Technical details about decoding rtsp streams via node-red-contrib-ffmpeg-spawn

Hi folks,

Trying very hard to find some free time for Node-RED again...

Some time ago @kevinGodell has done a tremendous effort to try to teach me the basics decoding rtsp streams in another discussion:

I really appreciate all his hard labour!!
But now I am struggling to get a hold on the technical details.

My first problem is about the output chunks. The output pipes of the child process have OS limitations, so as a result the output data is splitted into chunks (e.g. 65K size on a Raspberry Pi). Two questions about this:

  1. If the output are jpeg images, then I need to use a node-red-contrib-pipe2jpeg node to join those chunks again to create a complete jpeg image. I see here in the pipe2jpeg dependency that the EOF can be anywhere inside the chunks. Which means that those chunks have to split into two chunks again: the first chunk part belongs to the previous jpeg while the second chunk part belongs to the current jpeg. Which will result in a lot of searching through the buffers and doing repetitive buffer concatenations, i.e. a lot of cpu and ram usage.

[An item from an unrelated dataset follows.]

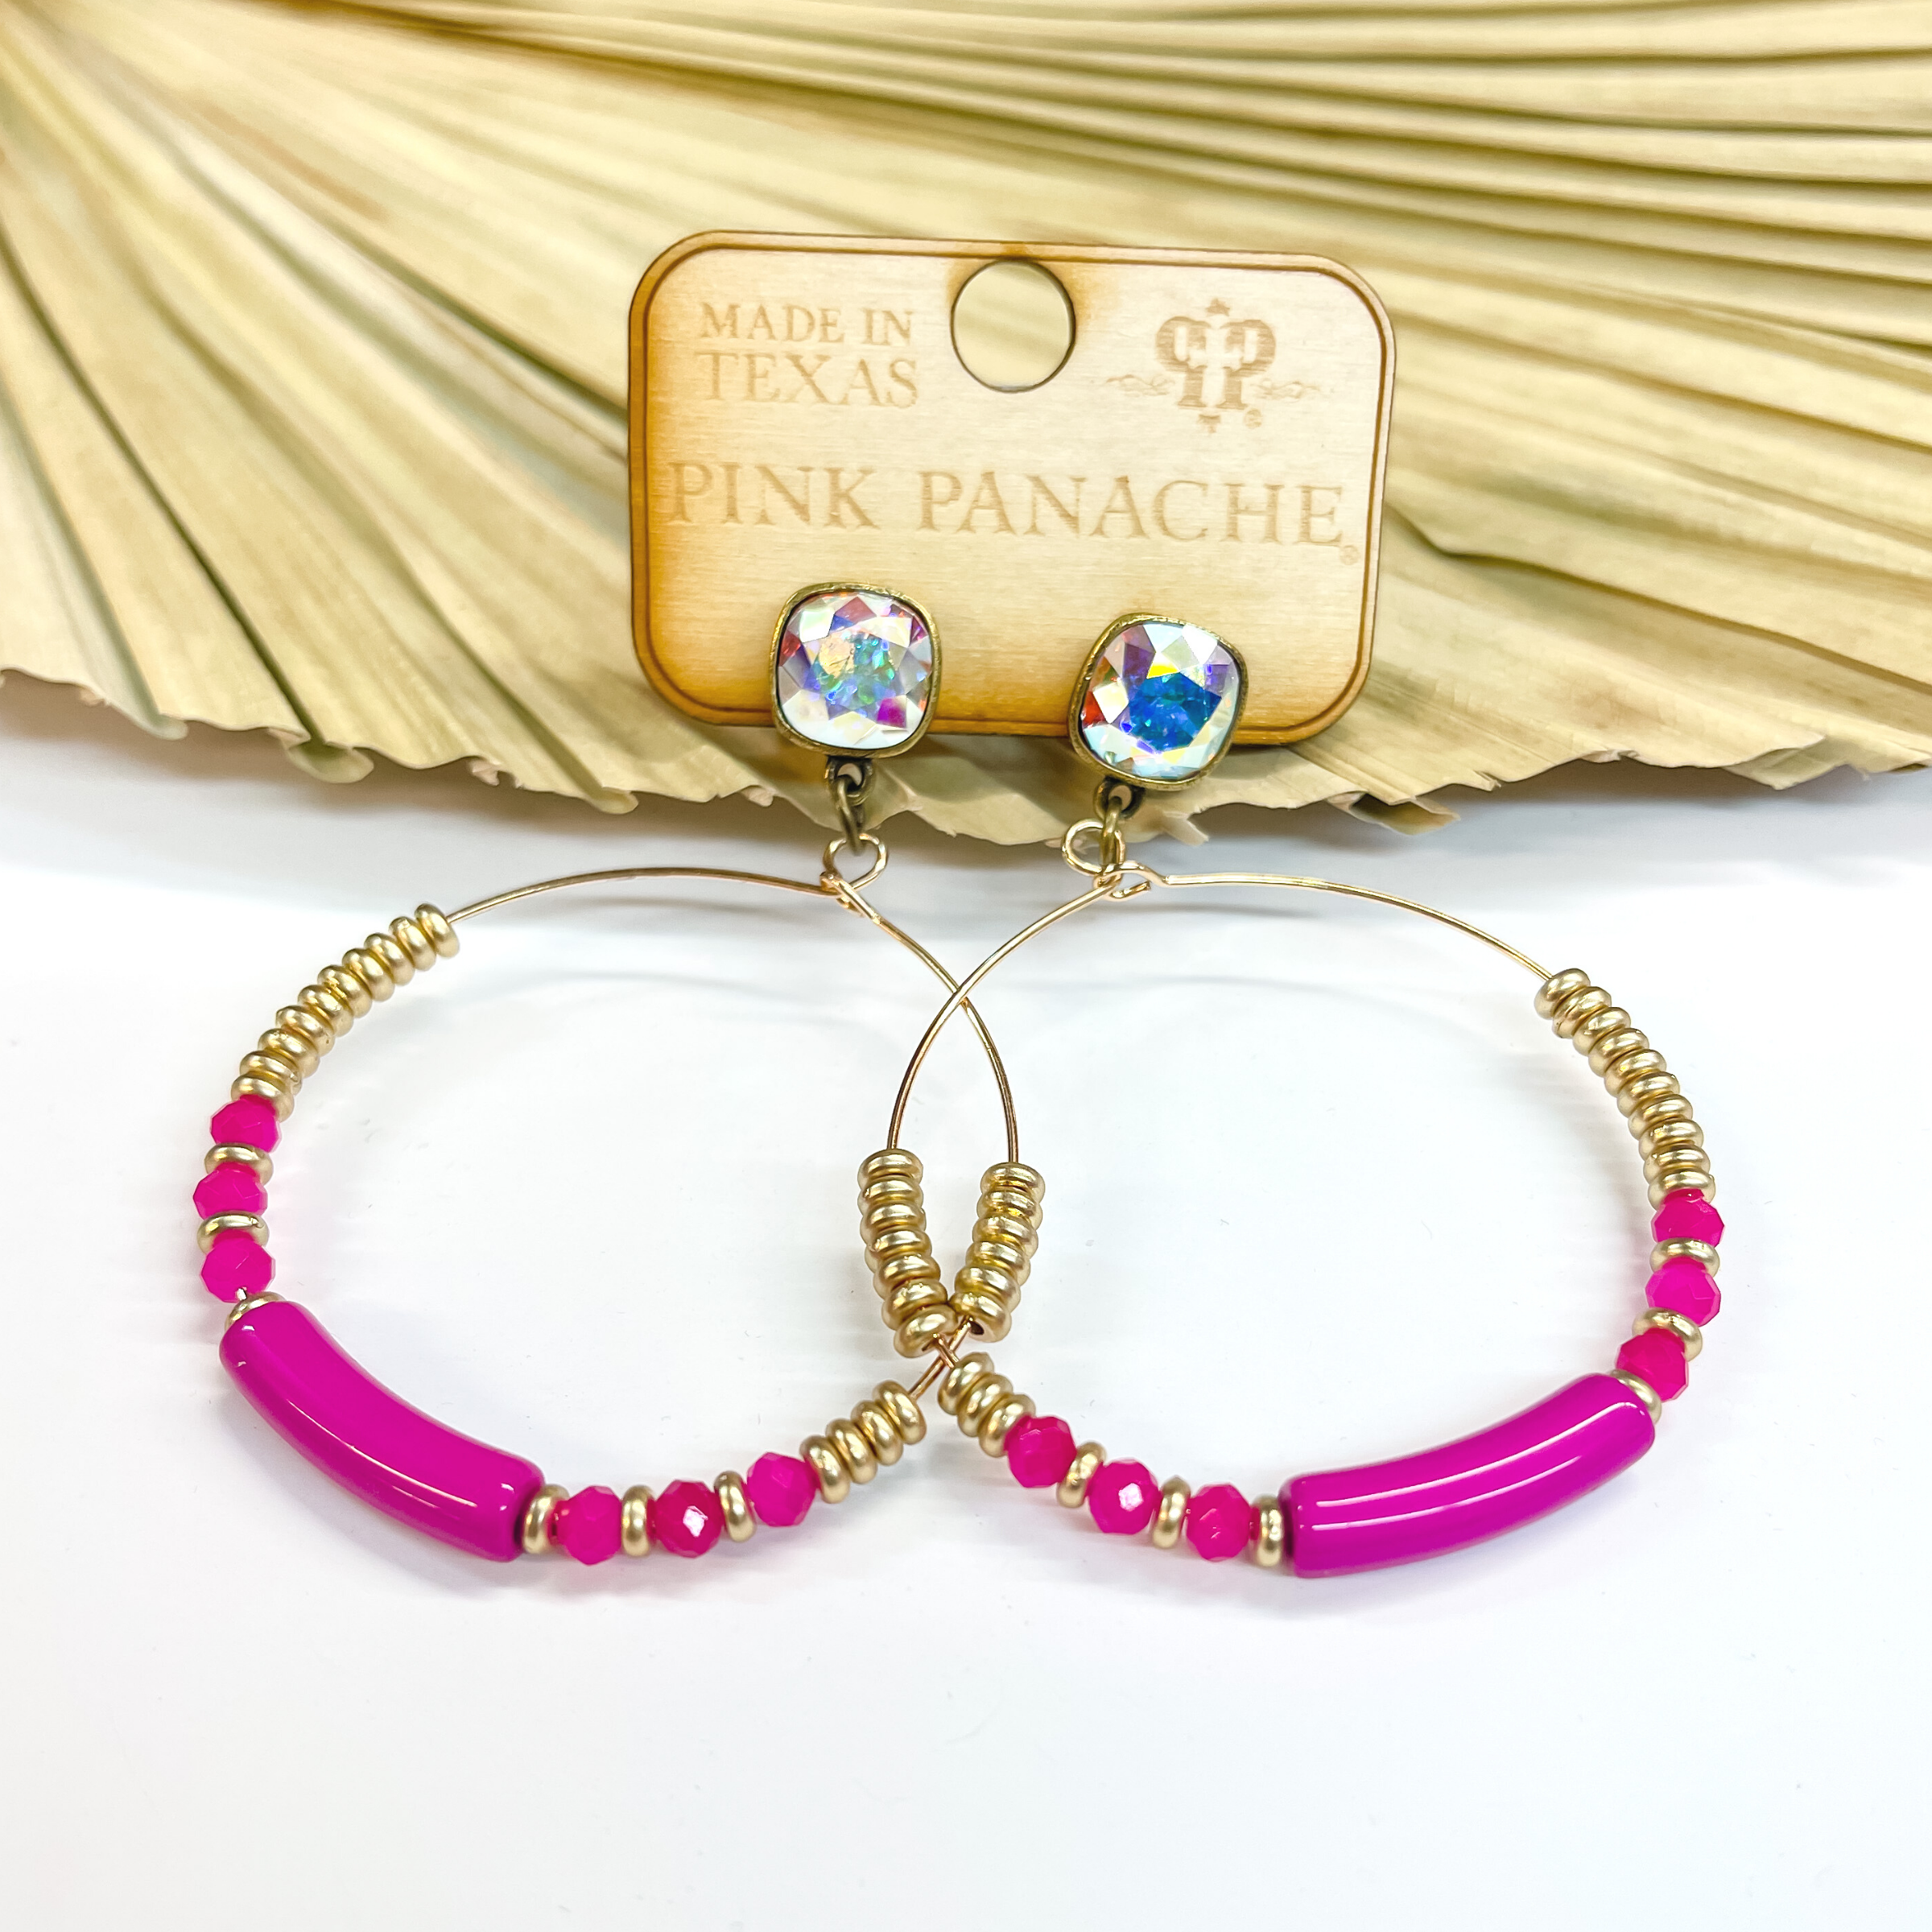 These are ab cushion cut studded earrings with a  gold circle drop. The hoop has a long fuchsia bead in  the center with matte gold beads and three fuchsia crystal beads on each side. They are taken on a white  background and leaned up against a dried up palm  leaf.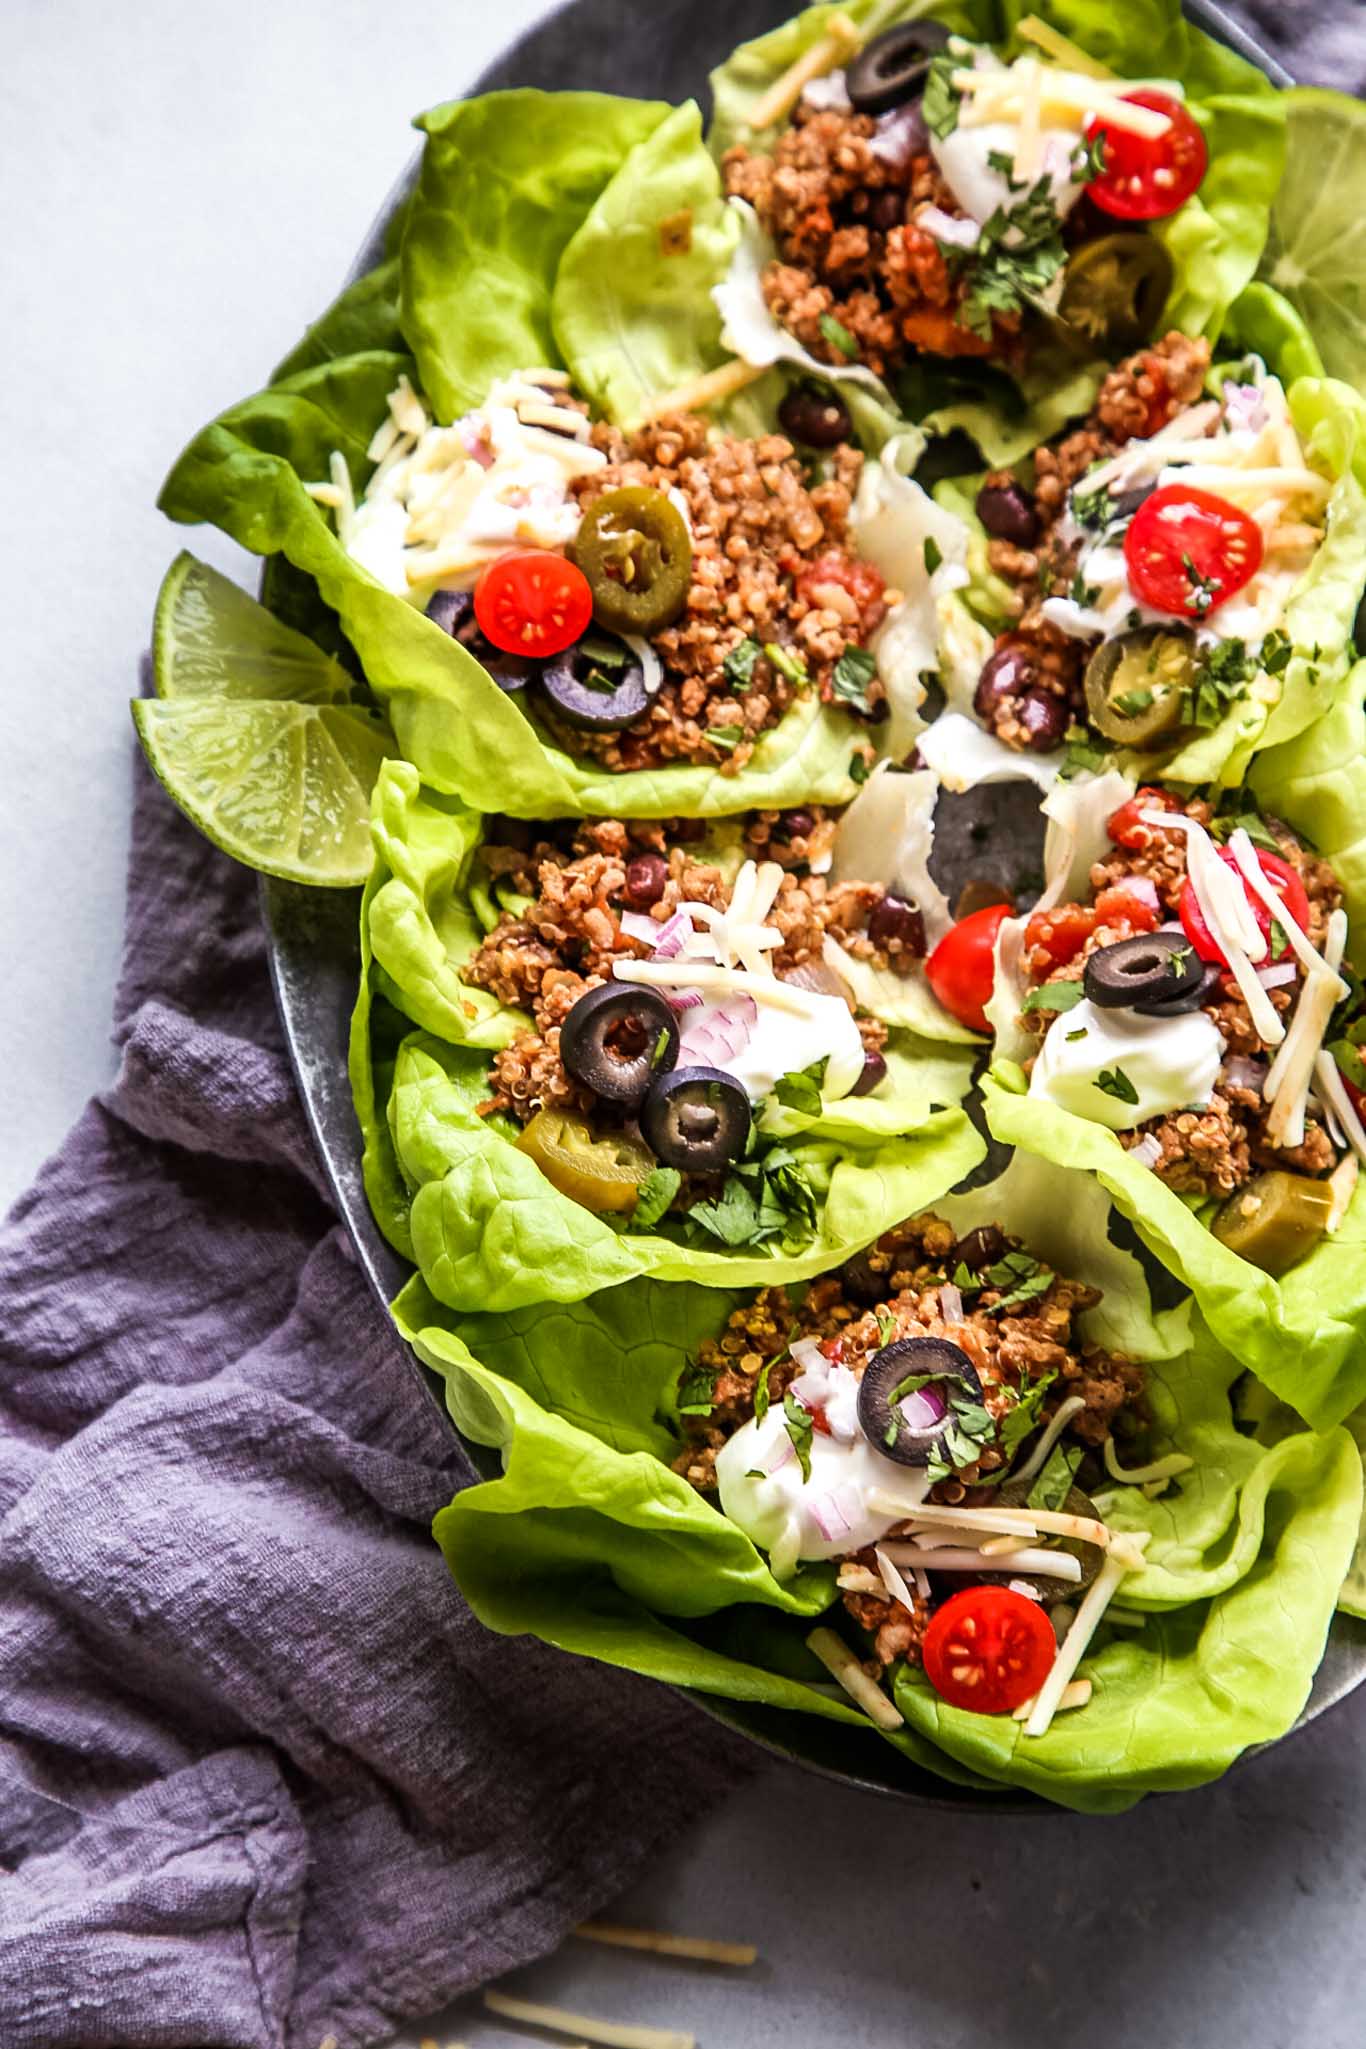 Taco Quinoa & Turkey Lettuce Wraps make a hearty, healthy, protein packed meal that’s amazingly delicious and quick and easy to prepare. They’re perfect for meal prep too.

    But when I look at this code from the rtsp-ffmpeg library, I see that it simply detects the EOF at the end of the chunk. So no searching of the EOF inside the chunks required and no buffer concatenations. Which requires much less cpu and ram.

    When I use that code snippet from the rtsp-ffmpeg library in my flow, it seems to be working very well. I.e. I see fluid images arriving in my flow.

    So now I am wondering if I am just lucky that my EOF's are always at the end of my chunks, and not somewhere inside my chunks? I really have no clue...

  2. As explained above the node-red-contrib-pipe2jpeg does a very well job to join chunks of data into complete jpeg images. However when the output of my spawn node will contain h.264 segements (instead of images), then those segments are also splitted by the OS limitations into chunks. Not sure at the moment how I can combine those chunks to get the original complete segments again. When I send those chunks immediately to the mp4 frag node, the separate chunks seem to be no problem for that node. Again no clue how this works...

Hopefully somebody can answer my question, because my head is exploding :exploding_head:

Warning: as soon as these chunk related questions are answered, I have 'some' other technical questions about the rtsp streams :wink:

Thanks!!
Bart

If you keep the frames per second output of jpegs from ffmpeg at a reasonably low amount, the end of the final chunk should be ff d9. If you increase the fps, ffmpeg will pack more data before flushing its buffers, which would cause jpegs to be spread across chunks in unexpected ways.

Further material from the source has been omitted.